Lev Gonick has been teaching, working, and living on the Net since 1987.

Lev Gonick is vice president for information technology services and chief information officer at Case Western Reserve University in Cleveland, Ohio. He is also the founder and now Board Chair Emeritus of OneCleveland now known as OneCommunity, the award winning project to create a connected community throughout Northeast Ohio through ultra broadband wired and wireless network connectivity. In 2010 Gonick and his colleagues at Case Western Reserve launched the nation's first gigabit fiber to the home research program called the Case Connection Zone.
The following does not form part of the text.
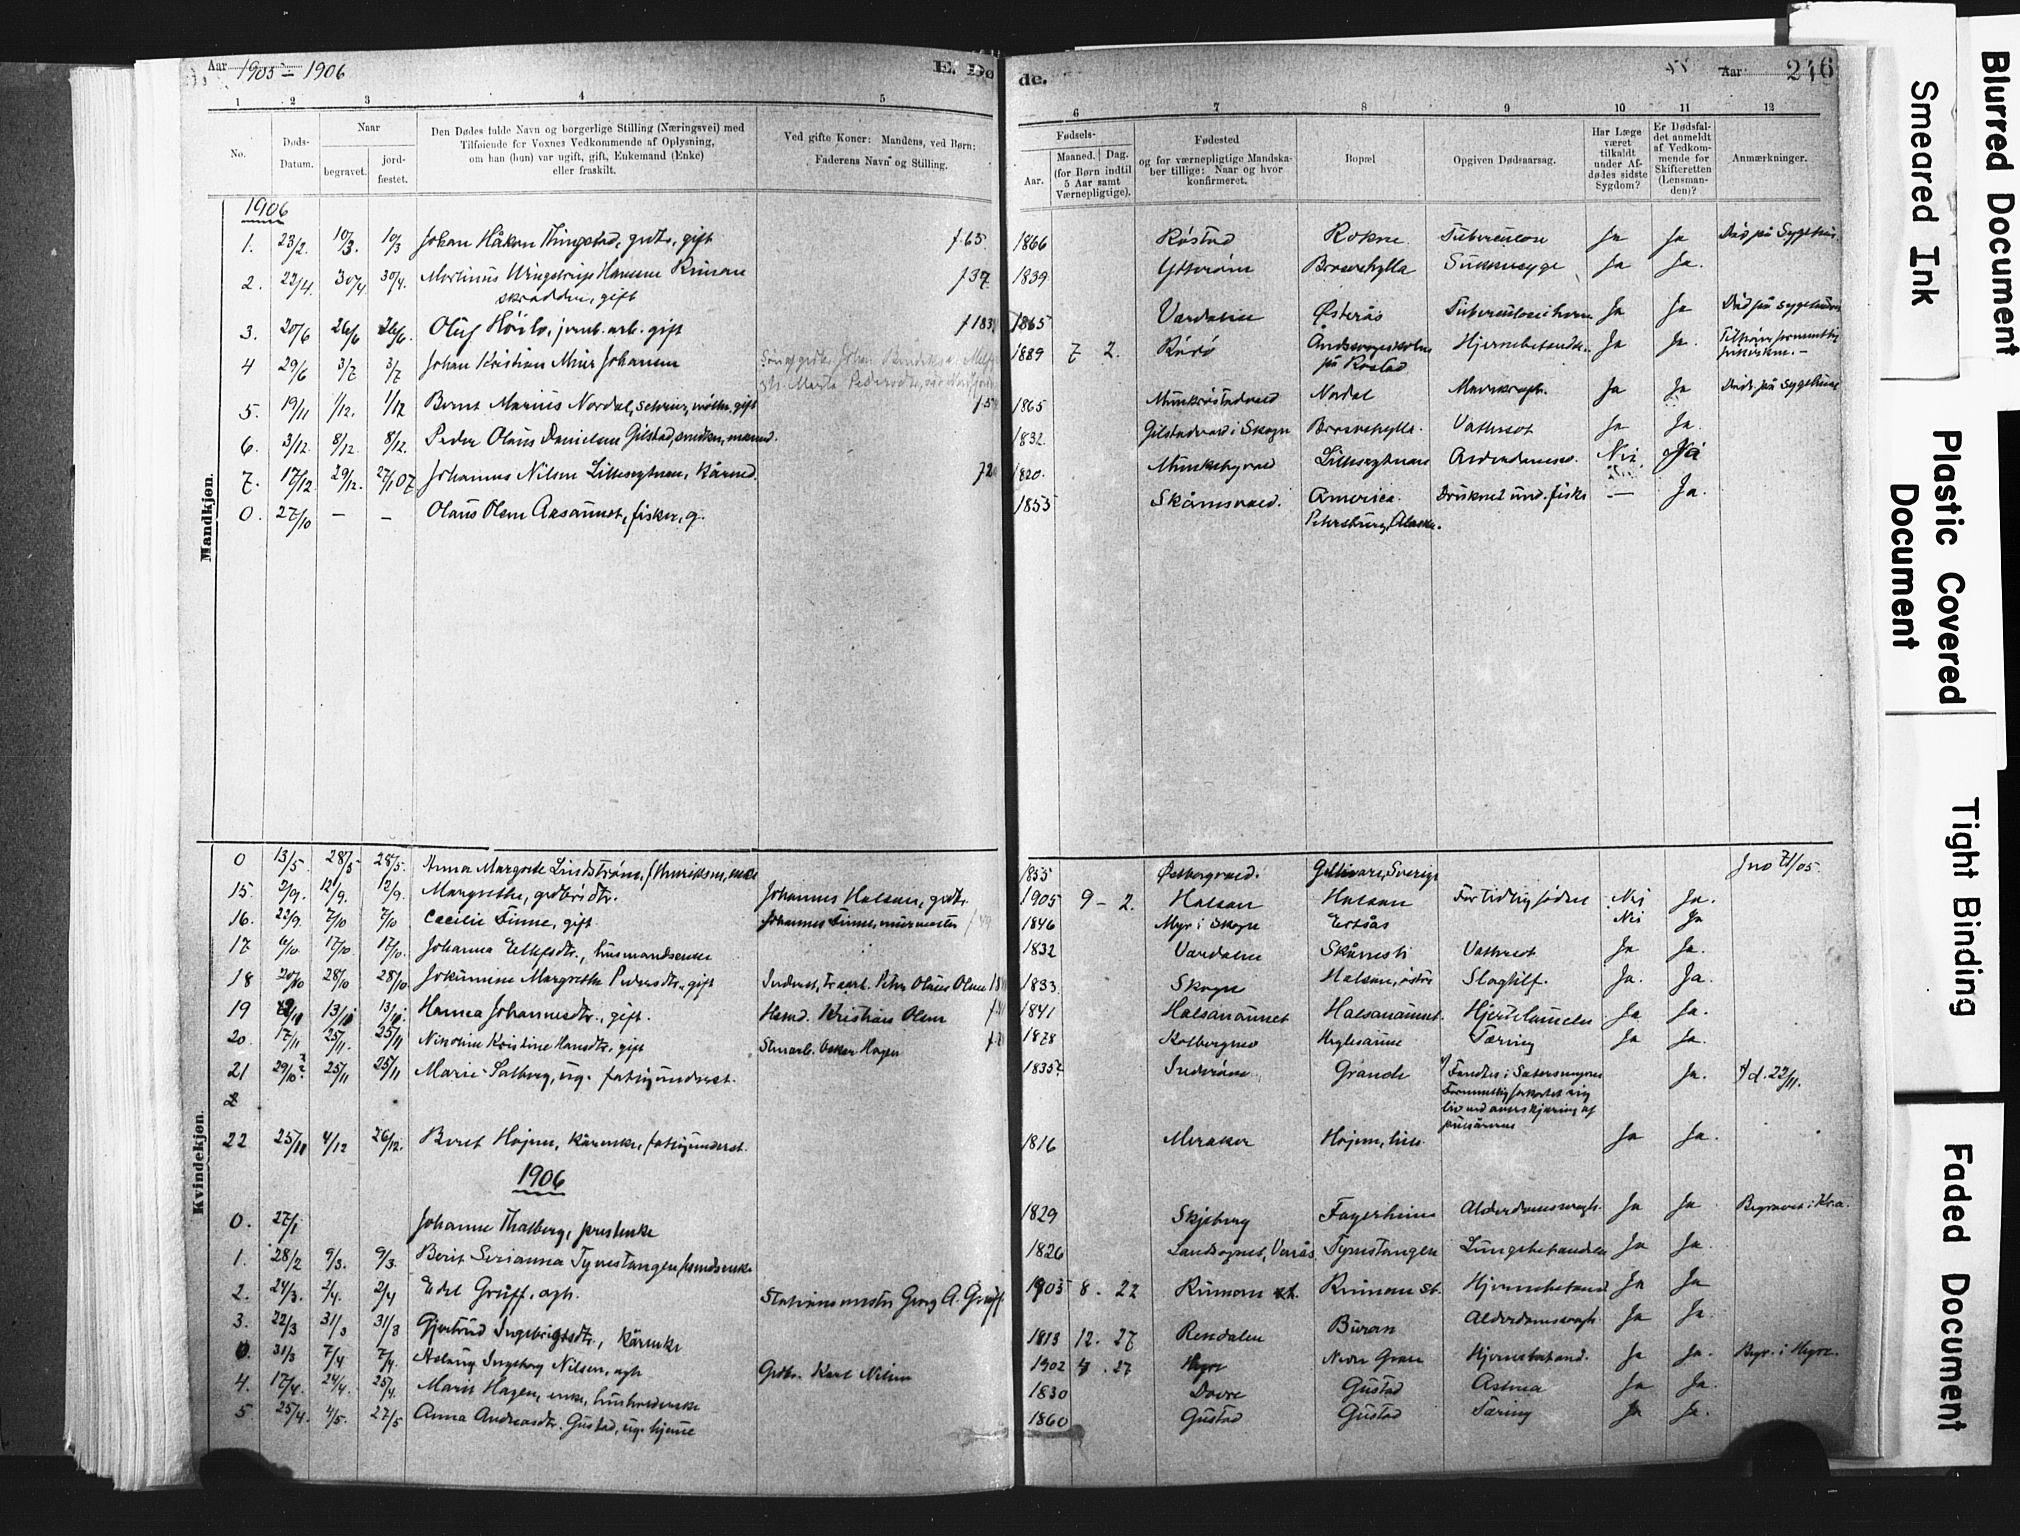 SAT, Ministerialprotokoller, klokkerbøker og fødselsregistre - Nord-Trøndelag, 721/L0207: Ministerialbok nr. 721A02, 1880-1911, s. 246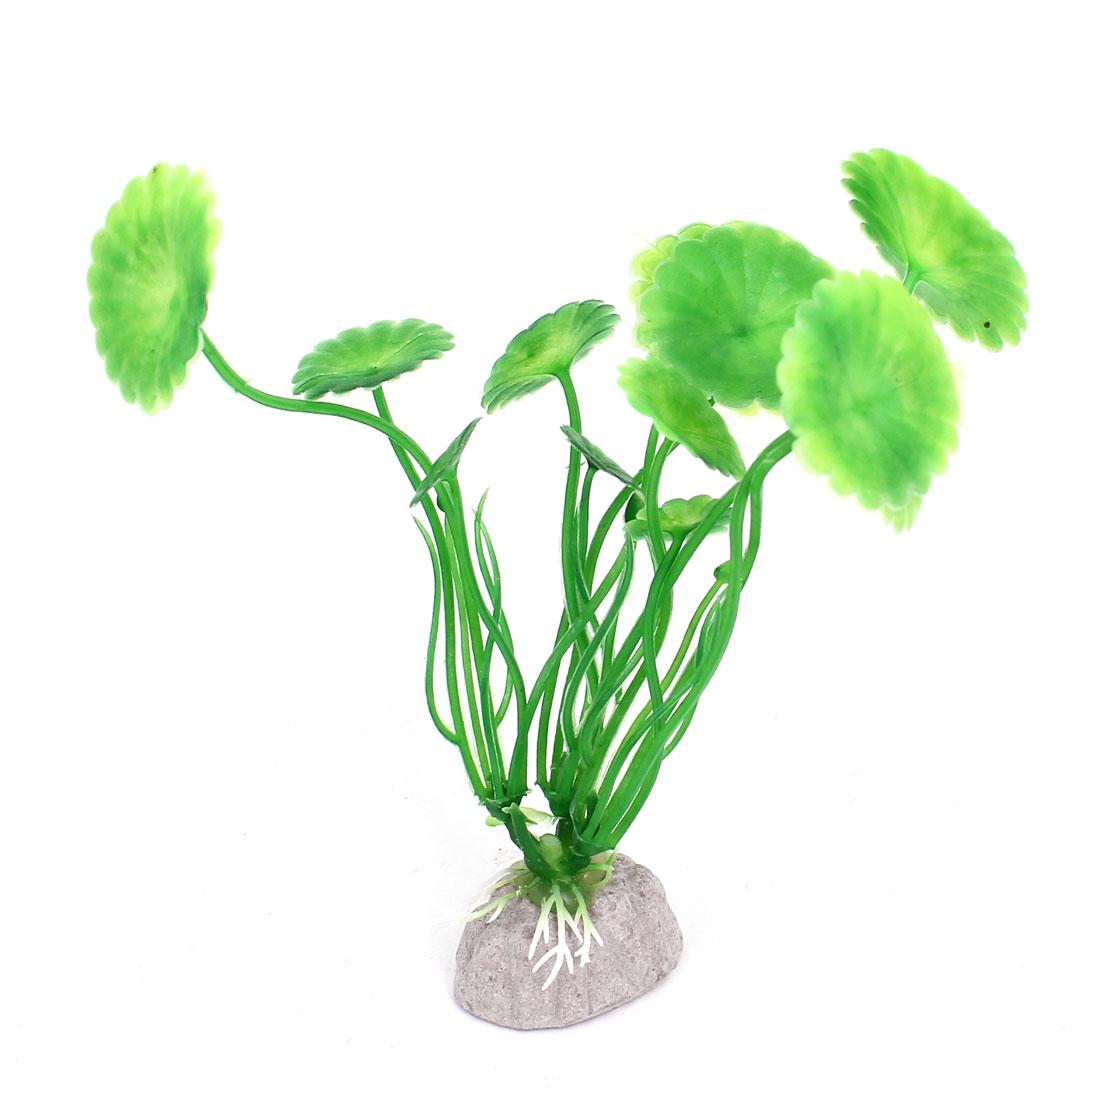 Artificial Plastic Aquarium Fish Tank Fake Plant Lotus Leaf Decoration Green

In 2011 Government Technology awarded Lev one of their "Top 25 Doers, Dreamers & Drivers in Public-Sector Innovation." In the same year Crain's Business Cleveland named Gonick one its "10 Difference Makers" in Northeast Ohio and Broadband Properties honored him with their Cornerstone Award for "using fiber to build an inclusive society and empower individuals." In 2010 he received recognition as "Visionary of the Year" from NATOA. In 2006, Lev was recognized by ComputerWorld as a Premier 100 IT leader and honored in the same year by CIO magazine with a CIO 100 Award. In 2007, he and Case Western Reserve were recognized with a ComputerWorld Laureate for leveraging technology to address community priorities.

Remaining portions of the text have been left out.